Building an app is a one-time event; maintaining it is a lifelong tax. If a logistics company builds its own custom project tracker, it now owns the responsibility of keeping it secure, handling backups, updating dependencies when React changes, and fixing bugs. The moment Chrome rolls out a new security update and breaks their custom login system, their core engineers have to stop working on customer-facing features to fix an internal tool.
It is an issue of opportunity cost. A business should focus its engineering power on its core value—the thing that makes them profitable. Standard context tools, like ITSM trackers or payroll software, are rented because the customer is paying to outsource the headache of maintenance. However, simple bespoke tasks, like formatting a specific CSV file or integrating a local spreadsheet with a database, are now built internally using scripts rather than being outsourced to niche micro-SaaS vendors. Niche utility SaaS is getting squeezed out.
The Invariant Timeline
Technology advances, but human systems and relationships do not scale at the speed of microchips.

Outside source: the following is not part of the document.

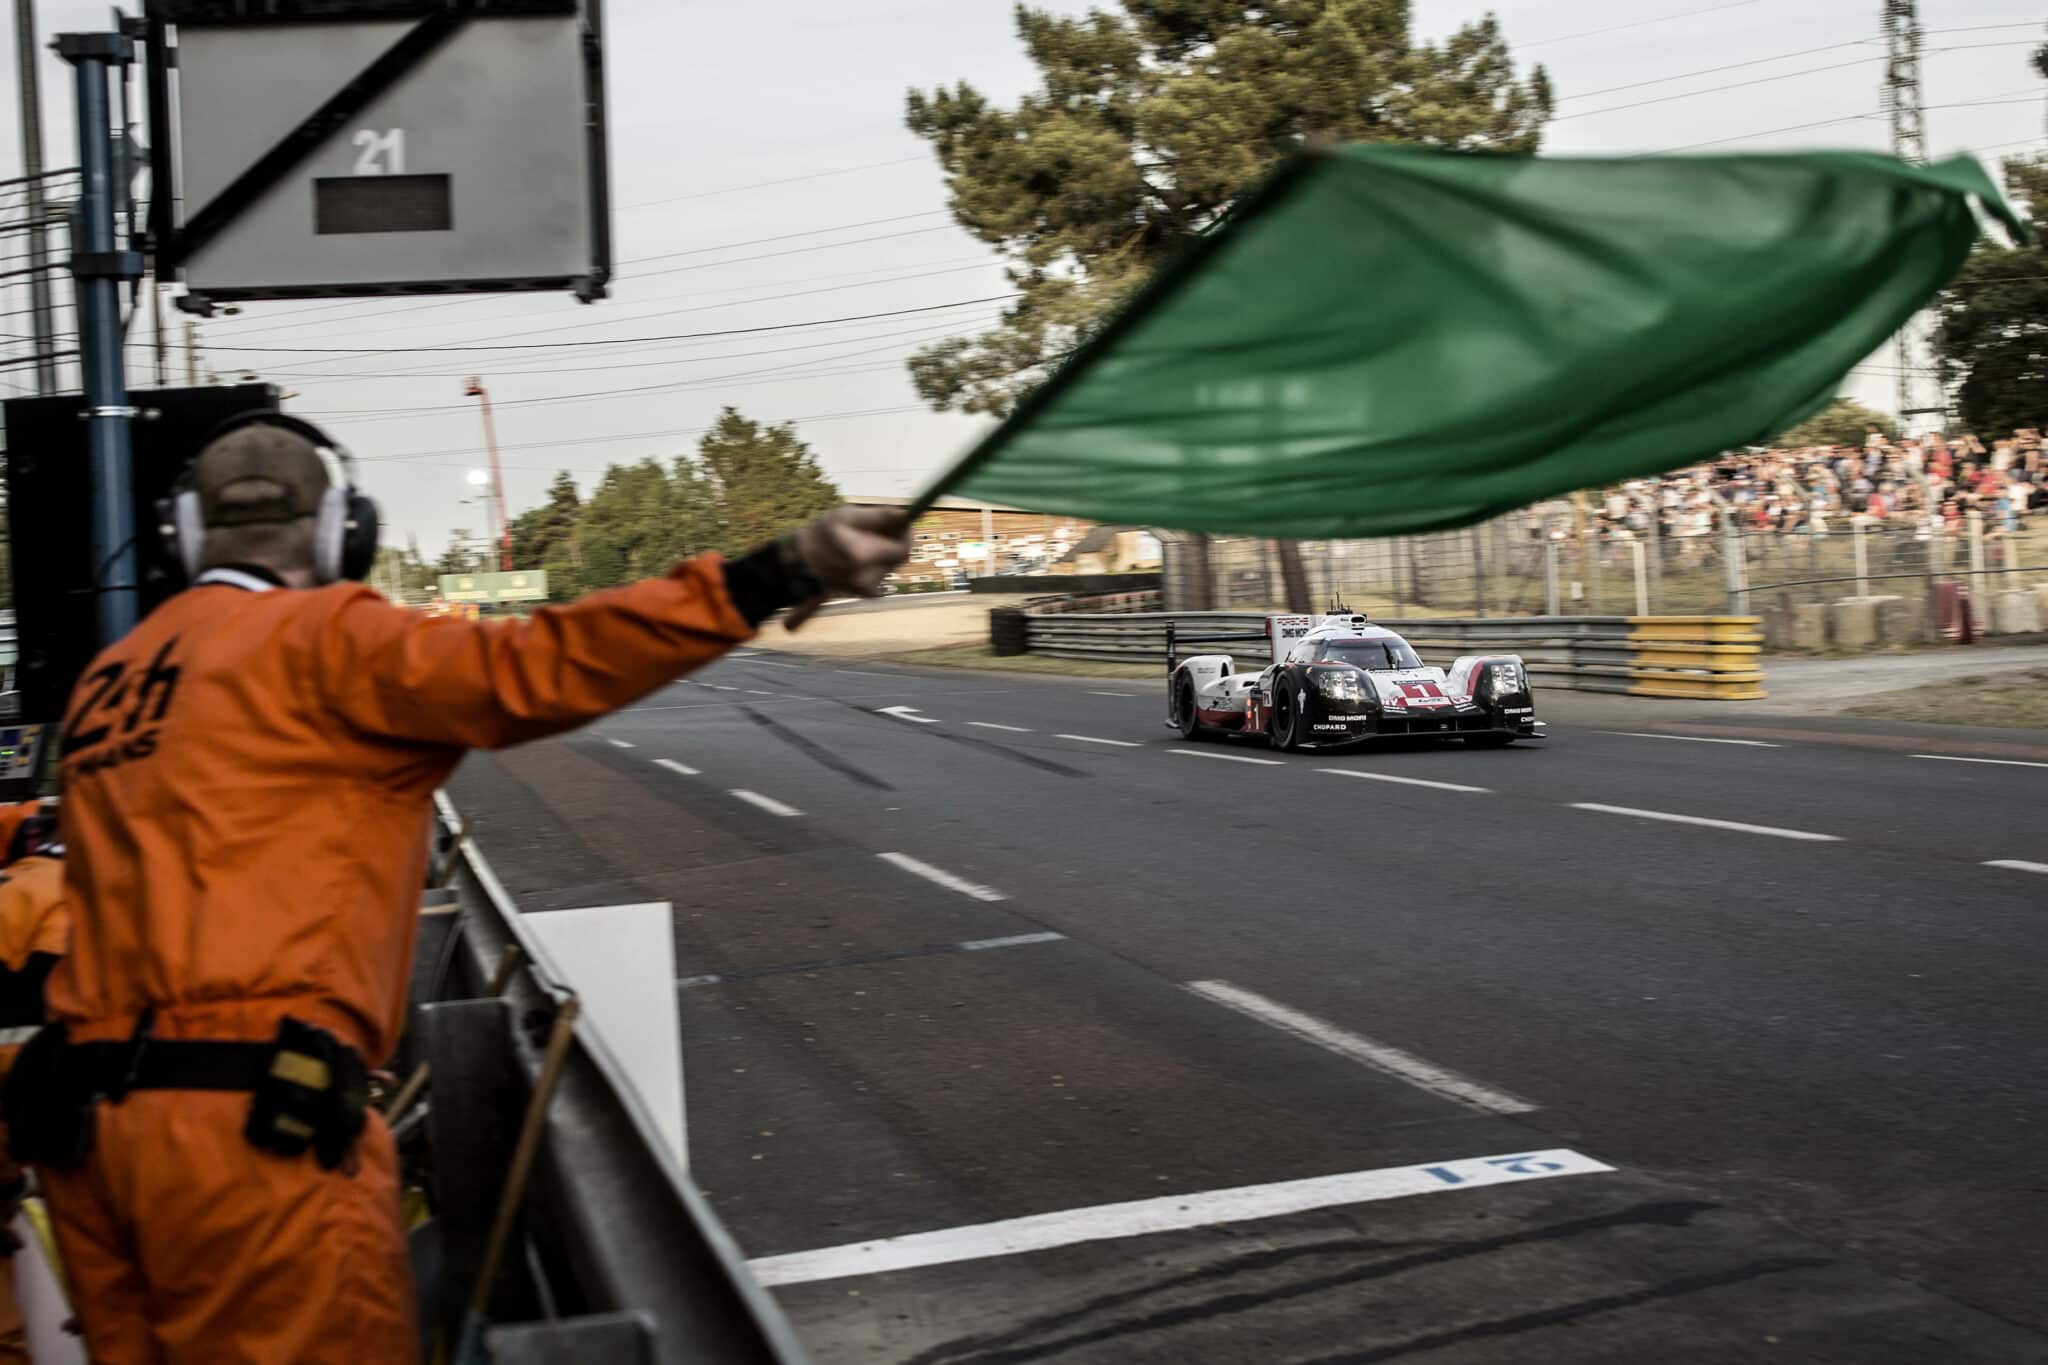 - Green Flag in F1 Racing: A Signal for Drivers to Resume Racing.

Think about modern agriculture. We use GPS-guided tractors, drone monitoring, and automated soil sensors to manage crops. We replaced manual labor with machines and automated systems. Yet, despite all the high-tech sensors, a tomato seed still takes its own biological time to sprout and grow. You can monitor a plant with a 4K camera, but you cannot code a tomato to ripen in five minutes.
Software is the same. AI can generate the code in five seconds and monitor the system in real-time, but human trust, organizational adoption, and change management still take their natural biological time. You cannot accelerate the “sprouting time” of a business relationship, no matter how fast your AI generates the product.
Surviving the A2A Economy
If you want to sell software when the digital pipeline is clogged, you have to operate in the gaps where AI gatekeepers cannot easily intervene.
If a buyer’s AI agent is searching the web for a solution, your software needs to be readable by the machine. This means focusing on clean API documentation, open-source integrations, and structured data that LLMs can parse and recommend. You are marketing to the algorithm, not just the human.
At the same time, you have to go bottom-up. Build a free, hyper-focused utility tool that solves a single employee’s daily bottleneck. Once they adopt it, it spreads horizontally through the team until management is forced to pay for the enterprise license.
Finally, bypass the screen entirely. When digital channels are saturated with automated noise, offline relationships become a premium asset. Real-world handshakes, localized dinners, and direct phone calls bypass the AI filters. We are returning to a high-touch, relationship-driven sales model—one that is slow, human, and impossible for an AI agent to replicate.
The game hasn’t changed; the abstraction has just scaled up. We aren’t going backward.
We don’t go back to where we started; we loop back over the same themes at a higher level of abstraction.